• Task item:
What you give back must match the data exactly, minus the pictures.

• Dataset excerpt:
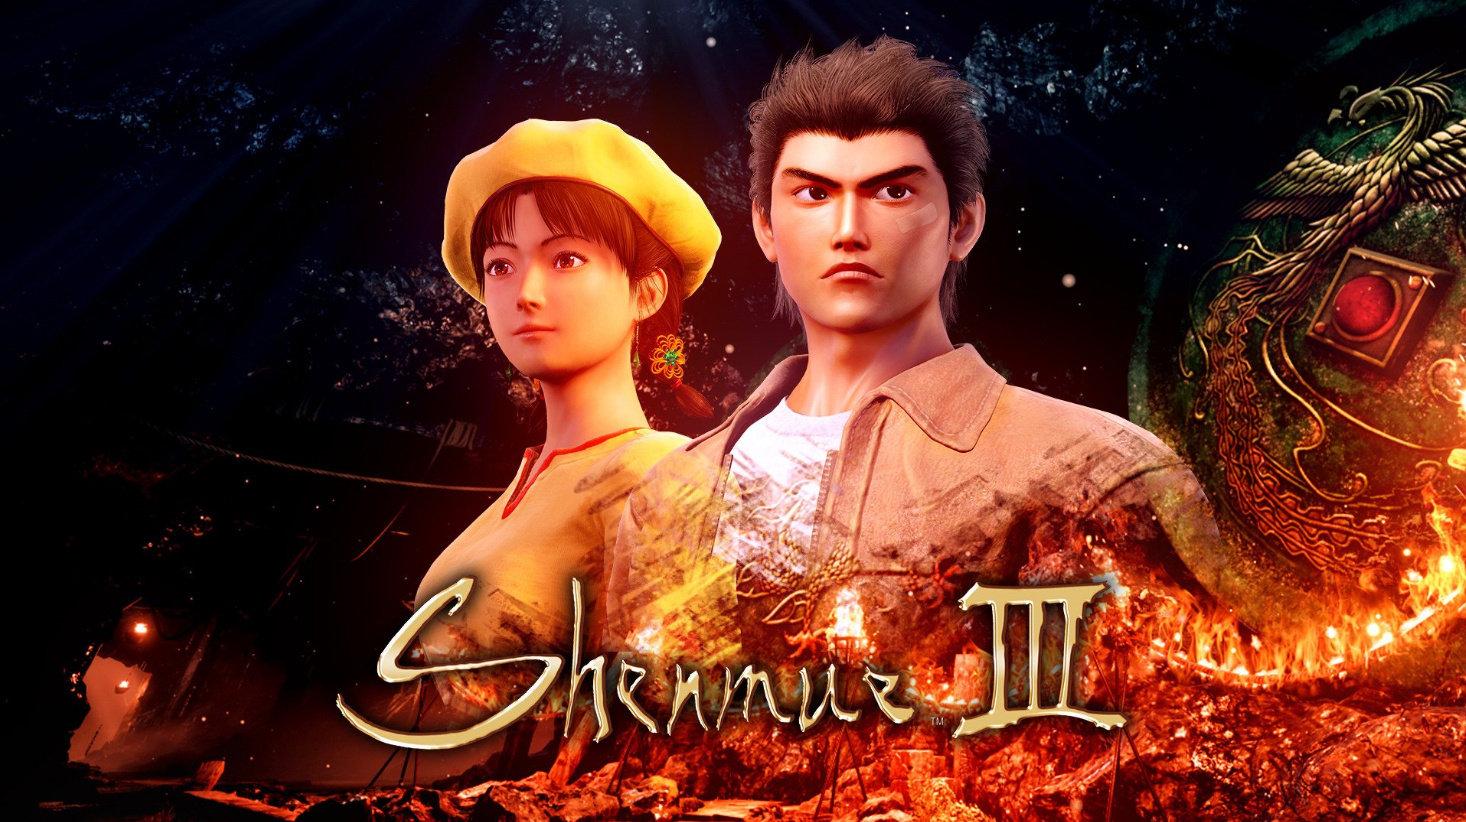 《莎木III》放出新的游戏预告片,展示了一些剧情与战斗要素
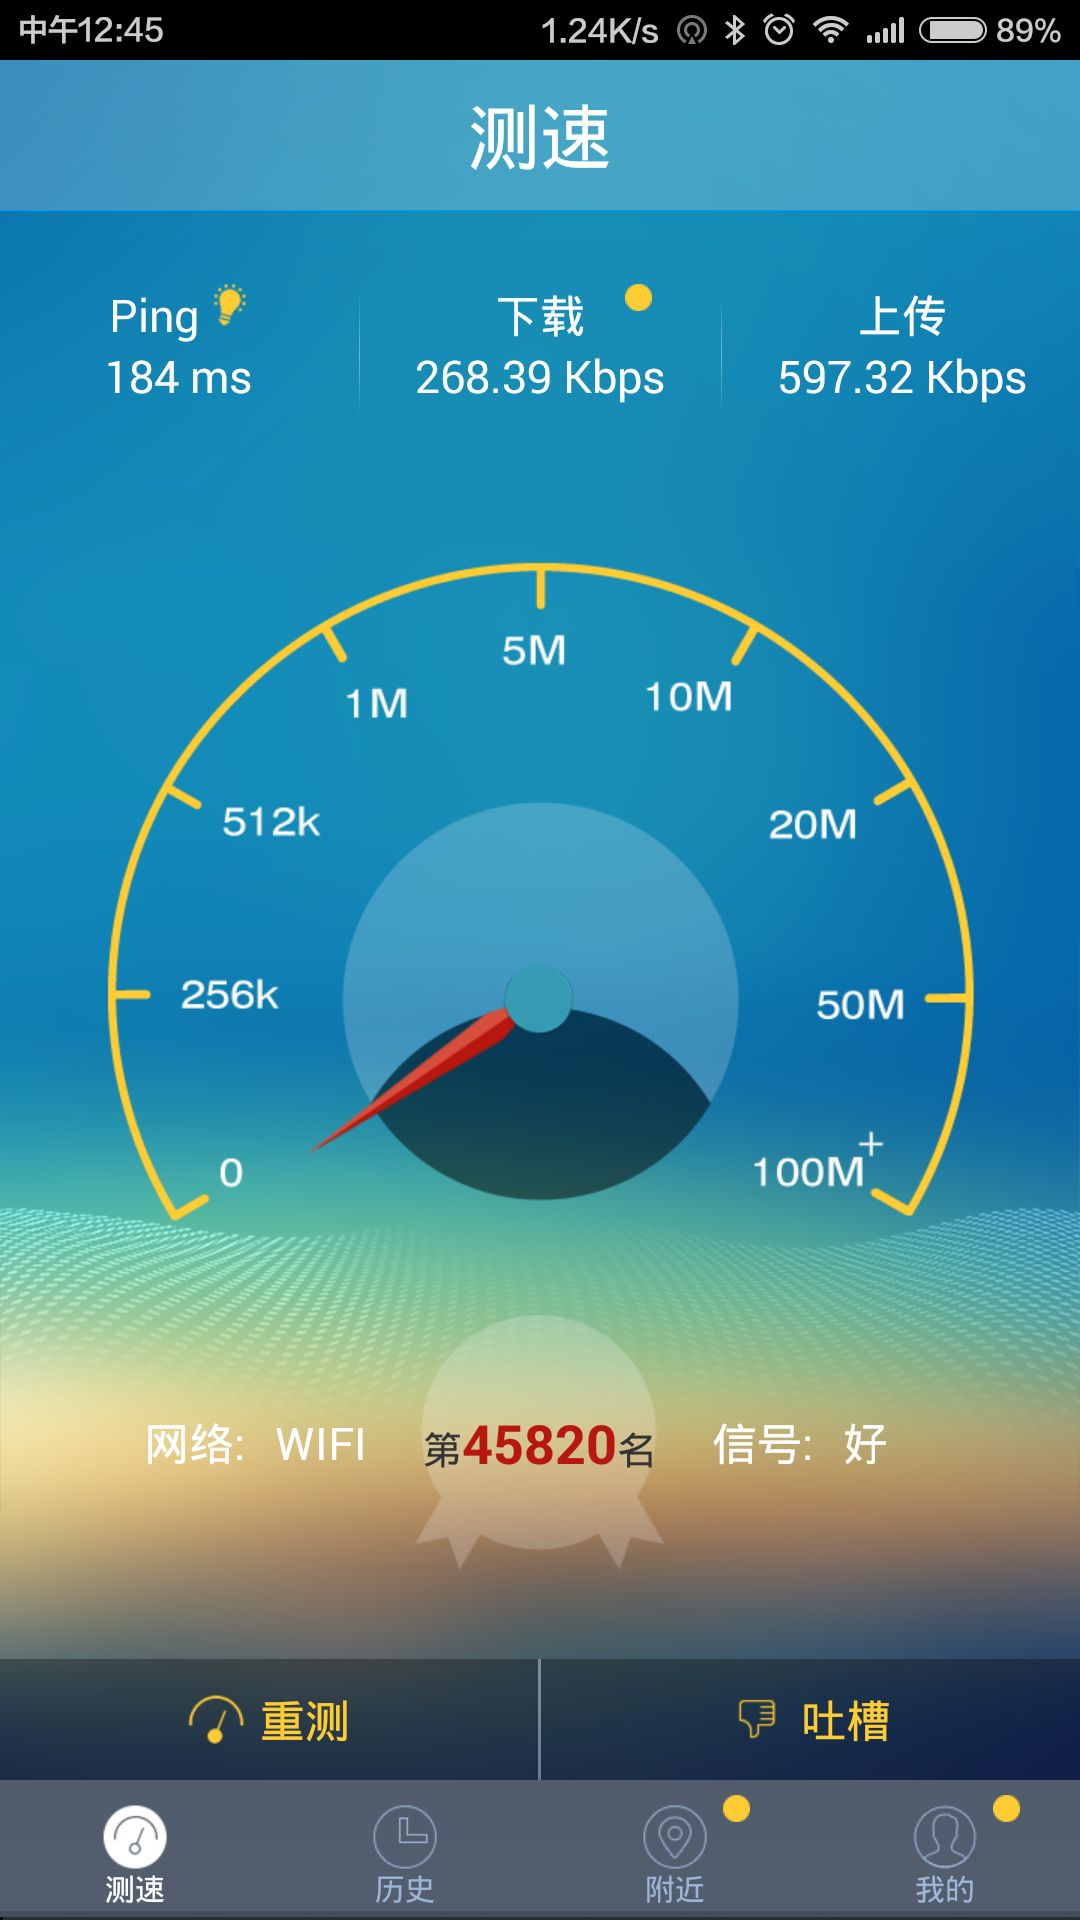 看电影的qq空间_我家电脑速度都挺快的,可是wifi速度慢,特别是手机下载东西 ...
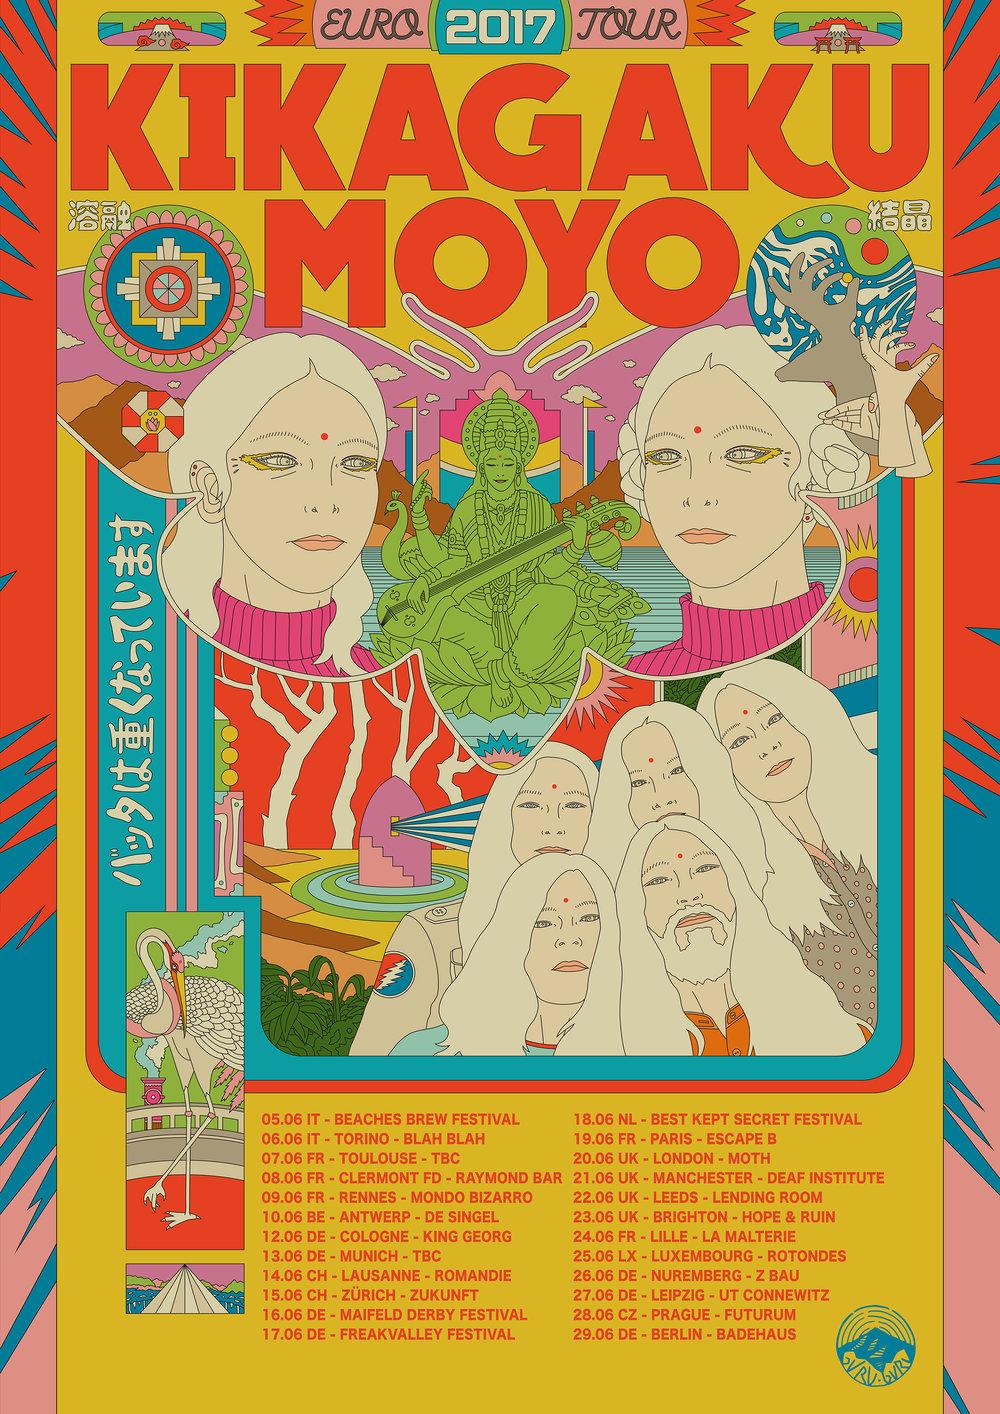 Kikagaku_Moyo_Euro_Tour.jpg
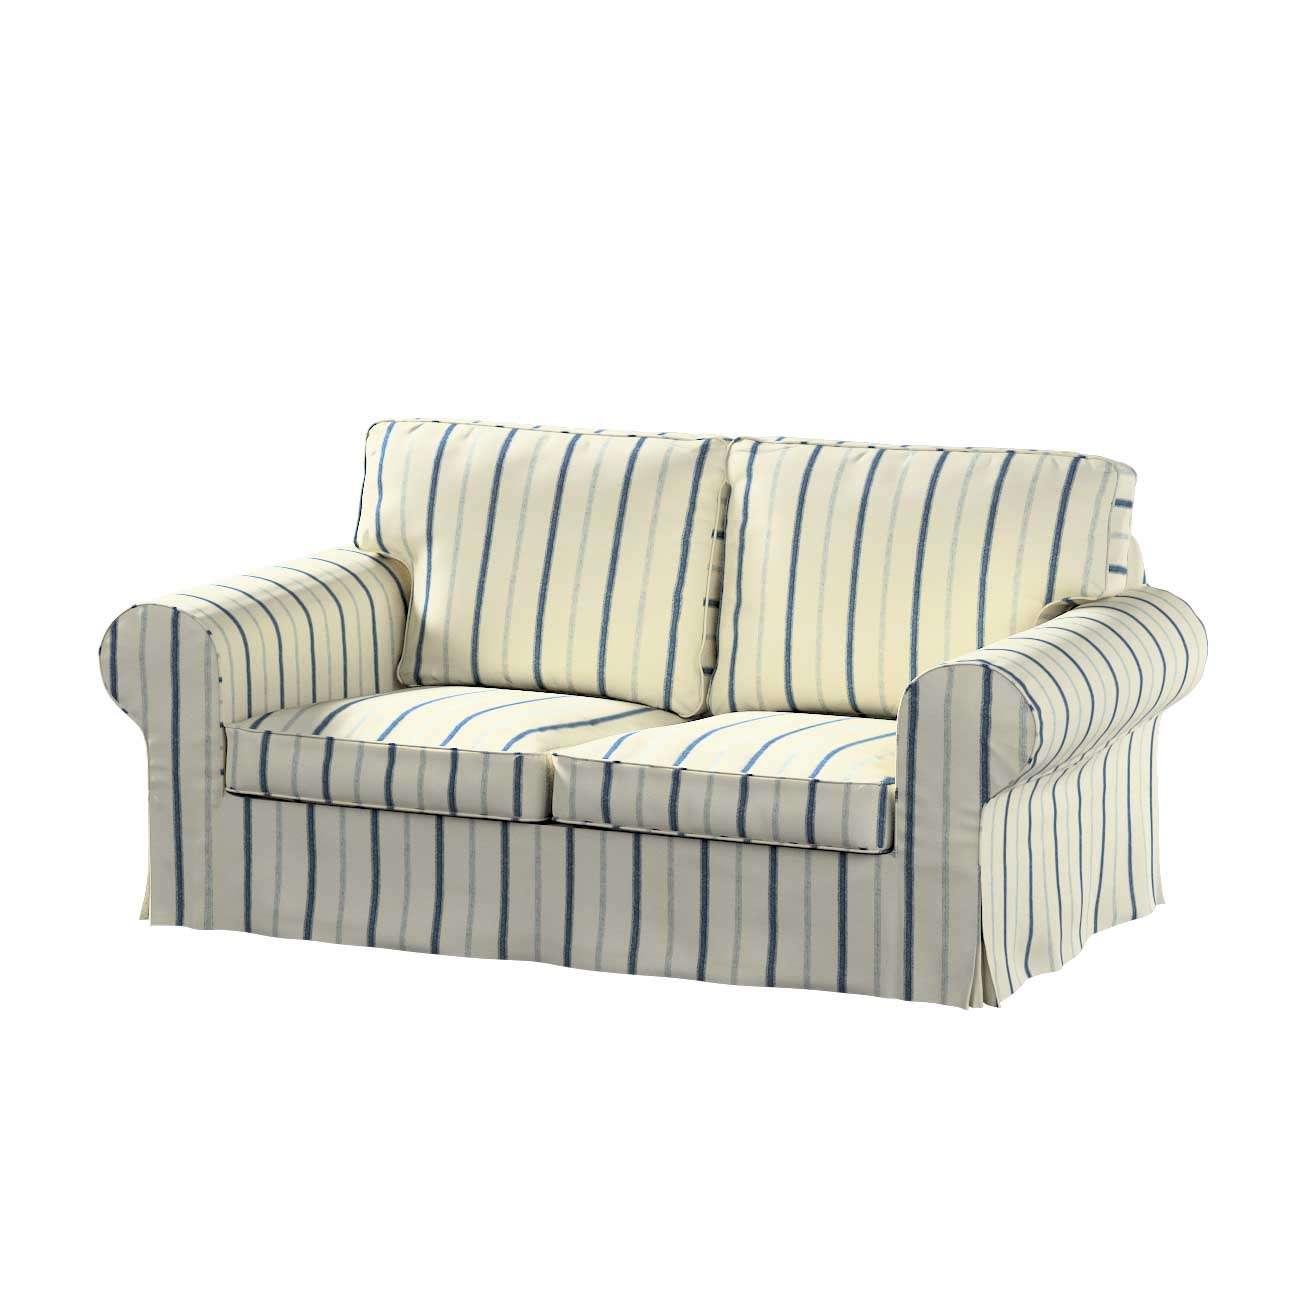 Pokrowiec na sofę Ektorp 2-osobową rozkładaną, model po 2012 w kolekcji Avinon, tkanina: 129-66

• Response area:
 《莎木III》放出新的游戏预告片,展示了一些剧情与战斗要素
 看电影的qq空间_我家电脑速度都挺快的,可是wifi速度慢,特别是手机下载东西 ...
 Kikagaku_Moyo_Euro_Tour.jpg
 Pokrowiec na sofę Ektorp 2-osobową rozkładaną, model po 2012 w kolekcji Avinon, tkanina: 129-66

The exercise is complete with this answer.